The CEO got back to me right away. He had already called the owner of the company (who, I later learned, was really hard to track down) and he was ready to make me an offer. He literally said, “Wow, when we heard you’d started your own company, we realized we really needed to lock you down!” He asked for a proposal (ha ha, “proposal”). I wrote my own job description and suggested what my salary should be. It was a pie-in-the-sky number I’d settled on after searching Salary.com and deciding that even numbers are prettier. I ended up with an offer for about 80% of that number, which made me gratified that my guess had been on the mark (or rather, a little higher than the mark, which, I am told, is how a person bargains).
My relationship with QuixoticIdea did not last forever, of course. But I learned a lot, developed an aversion to certain revenue-free business models, and bought a bunch of cool shit.
Here are a few principles of career success that are a lot like how you would date if you were kind of a cold-hearted bitch:
1) Everybody wants you more when they think you’re in demand. Start a company or give off the aura of a successful freelancer, get “clients” through barter to make your business look in-demand, and play up the freelance gigs and client relationships you do have.
2) Conversely, though, companies want to think that you’d drop all that and “marry” them if they were willing to commit. If you got married, of course, you’d have to break it off with anyone else you were seeing, and you might break some hearts; many companies consider it a bonus to hire someone who will no longer serve their competitors, or whose tiny company will thereby fold. I’ve seen numerous cases of small companies hiring someone who then closes her freelance business, and the hiring company gets to claim that it “bought” the employee’s company (which in real life might mean a small signing bonus for the new employee). Even starting a company that never makes any real money (but looks good on the internet) can help you tremendously.

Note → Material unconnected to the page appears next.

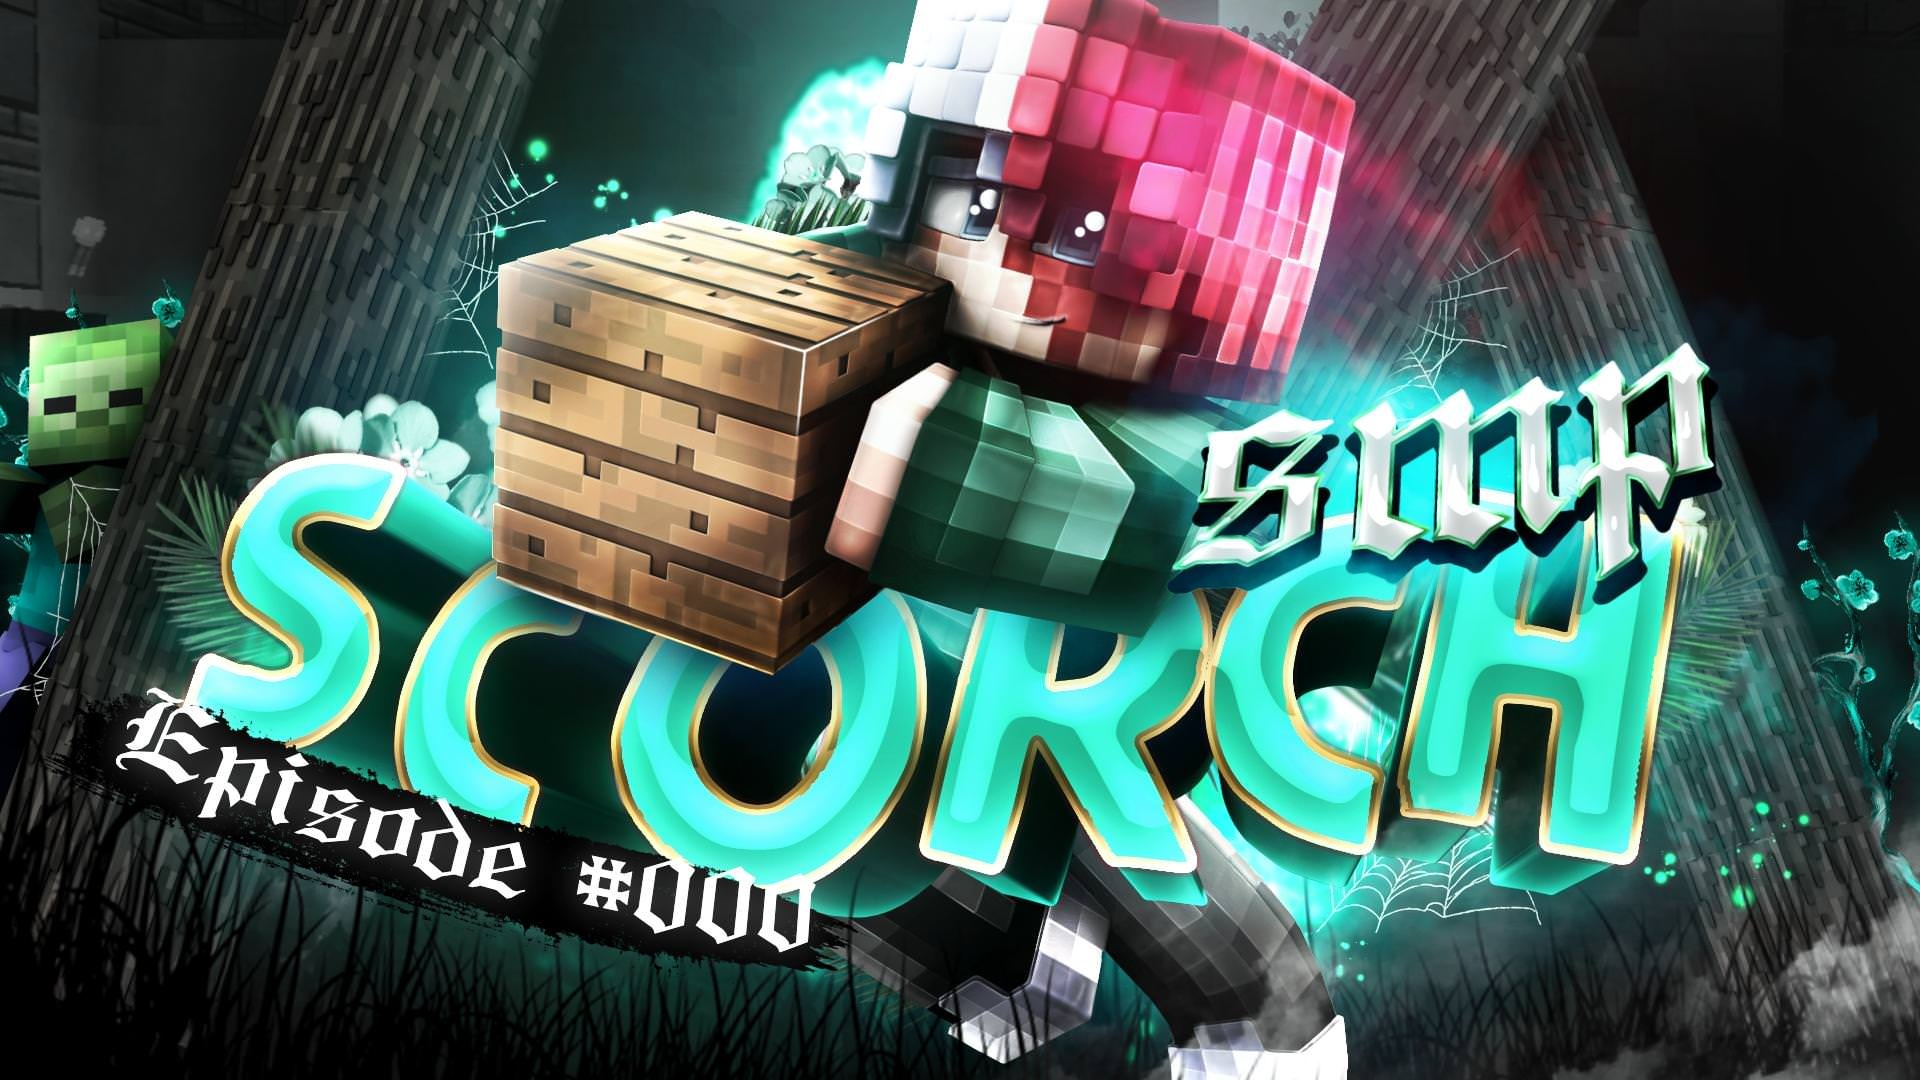 ☆Cheap Minecraft Thumbnail☆ [$4.50]

3) Look for a new lover before you’re going to need one. (Again, this is ice-cold in your real dating life! See the title of this list, which contains the word “bitch.”) Most people gets jobs through their friends, and this is only going to become more the case in the era of social networking. Random-ass emails with resumes attached might be your only option if you are a programmer from Ukraine looking for a work visa (I used to receive a lot of these). And if you are a young person who hasn’t had a lot of time to make connections, this might also be your only option. But by the time you’re 30, you don’t want to be in this position. You want to be well-known enough in your field that when you become available, someone snaps you up right away. Or, you want to have enough smart, accomplished friends that you can switch fields easily, with their help. So, while it’s not nice to advertise your awesomeness as a potential mate whilst you are in a relationship with someone, it’s absolutely kosher to do exactly that while you’re in a job. After all, your employer is totally seeing other employees.